Yes, you got it correctly: adding two small numbers is much easier and faster than multiplying two big ones. Obviously nowadays it's not very likely that you have at hand a log table instead of a calculator (e.g. within the smartphone) so the most important real life applications of logs are others.

Answer 4

Above is a table of logarithms - such as would have occurred in the back of most high school Algebra II books.

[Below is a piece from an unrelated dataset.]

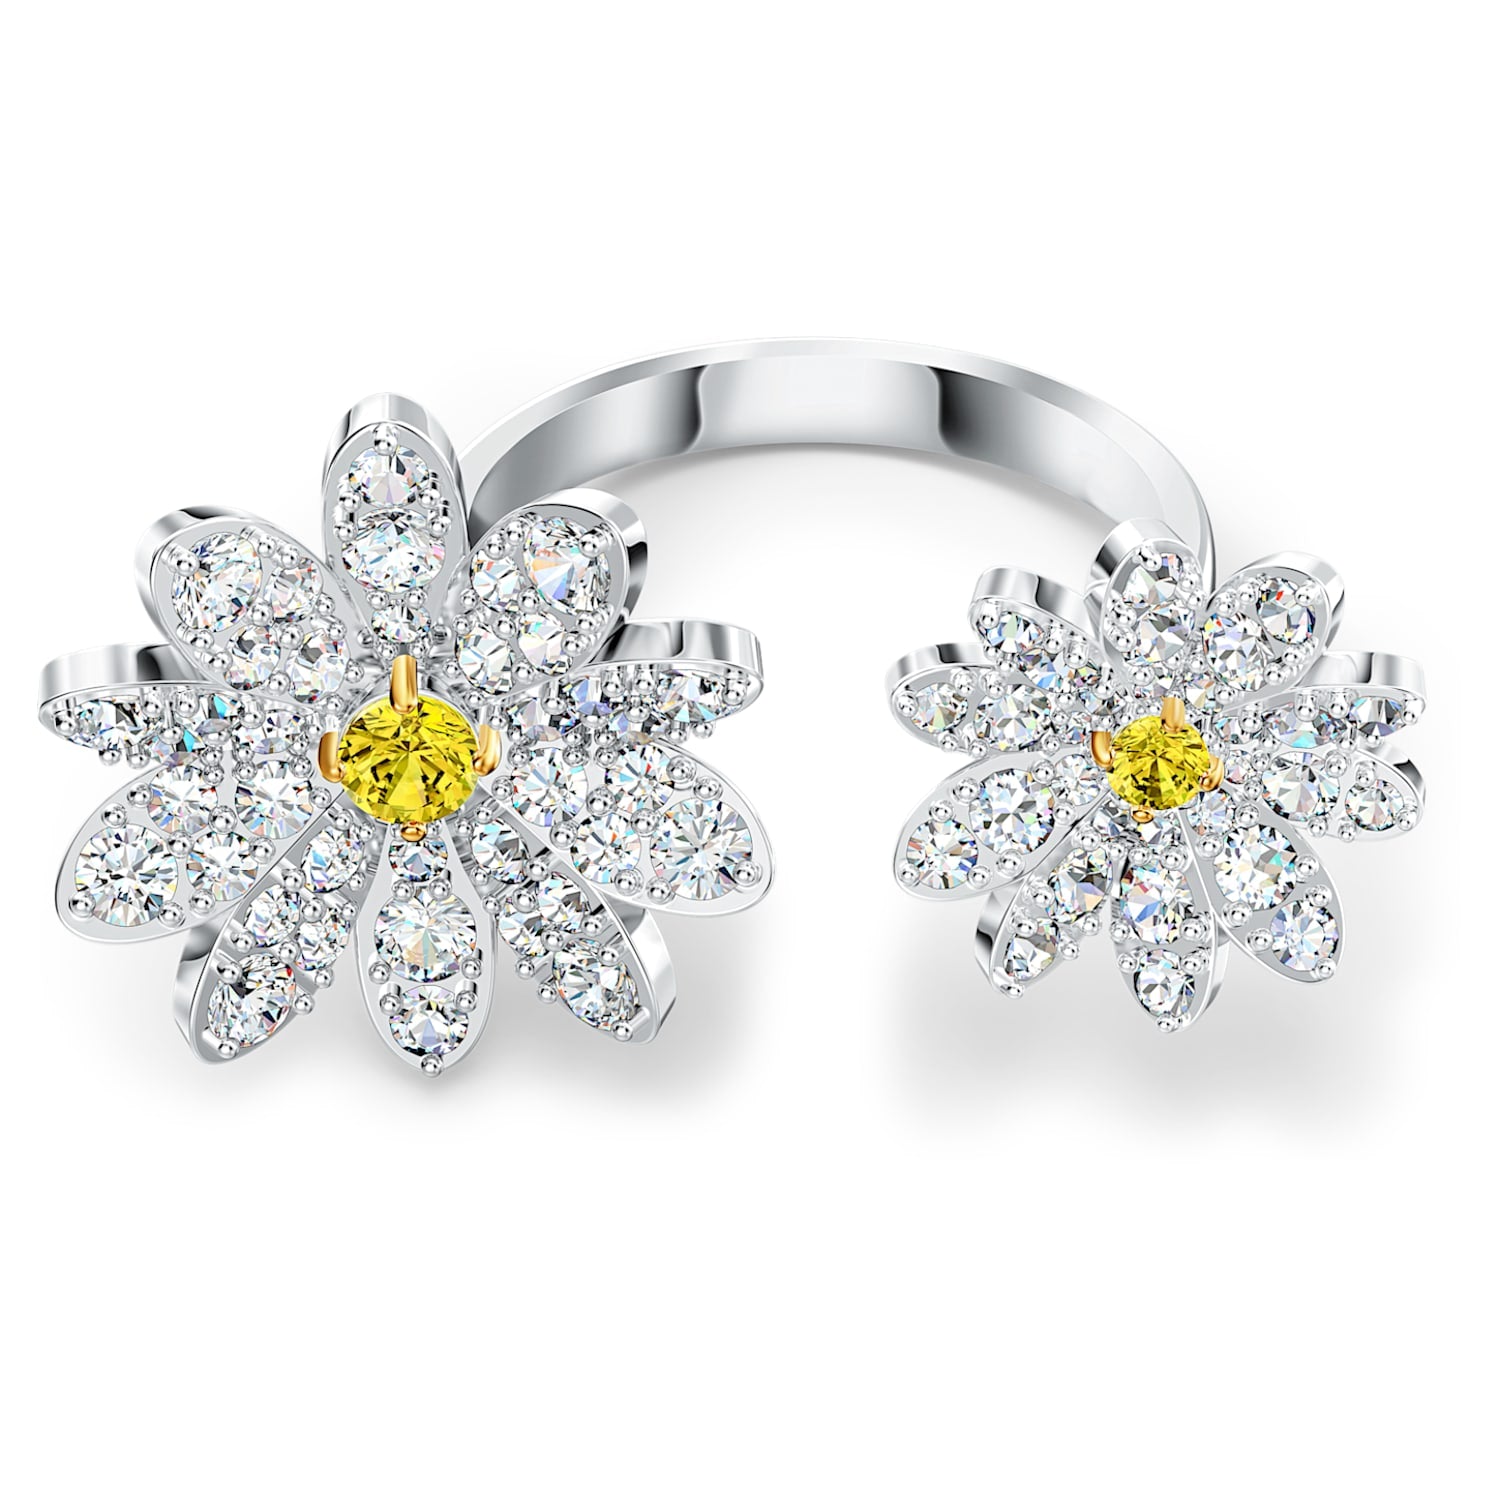 title:Swarovski Women's 5534940 Eternal Flower Finish Crystal Ring;color:not applicable

This is how I would have used it to compute $345 \times 0.0582$

Look down the "N" column for "34" and intersect that row with the column labelled $5$. You now know that $\log 3.45 = 0.5378$. Hence $$\log 345 = 2.5378$$

Similarly $\log 5.82= 0.7649$. In scientific notation, $0.0582 = 5.82 \times 10^{-2}$. For better or for worse, negative logarithms were avoided. Hence we wrote $$\log 0.0582 = 8.7649 - 10$$

No, really!. Adding the logarithms, we get

\begin{array}{rrrr} 2.5378 \\ + 8.7649 & - 10 \\ \hline 11.3027 &- 10 \end{array}

Which simplifies to $$\log(345 \times 0.0582) = 1.3027$$

As most always happens, $3027$ is not in the table. We will need to do some linear interpolation. We make the following table

\begin{array}{|c|c|} \hline 2.000 & .3010 \\ x & .3027 \\ 2.010 & .3032 \\ \hline \end{array}

Ignoring the decimal points and superfluous digits, we compute

\begin{align} \dfrac{x-00}{10-00} &= \dfrac{27-10}{32-10} \\ \dfrac{x}{10} &= \dfrac{17}{22} \\ x &= \dfrac{170}{22} \\ x &= 8 \end{align}

Hence $$\log 2.008 = .3027$$

We conclude $$345 \times 0.0582 = 20.08$$

In fact, $345 \times 0.0582 = 20.079$.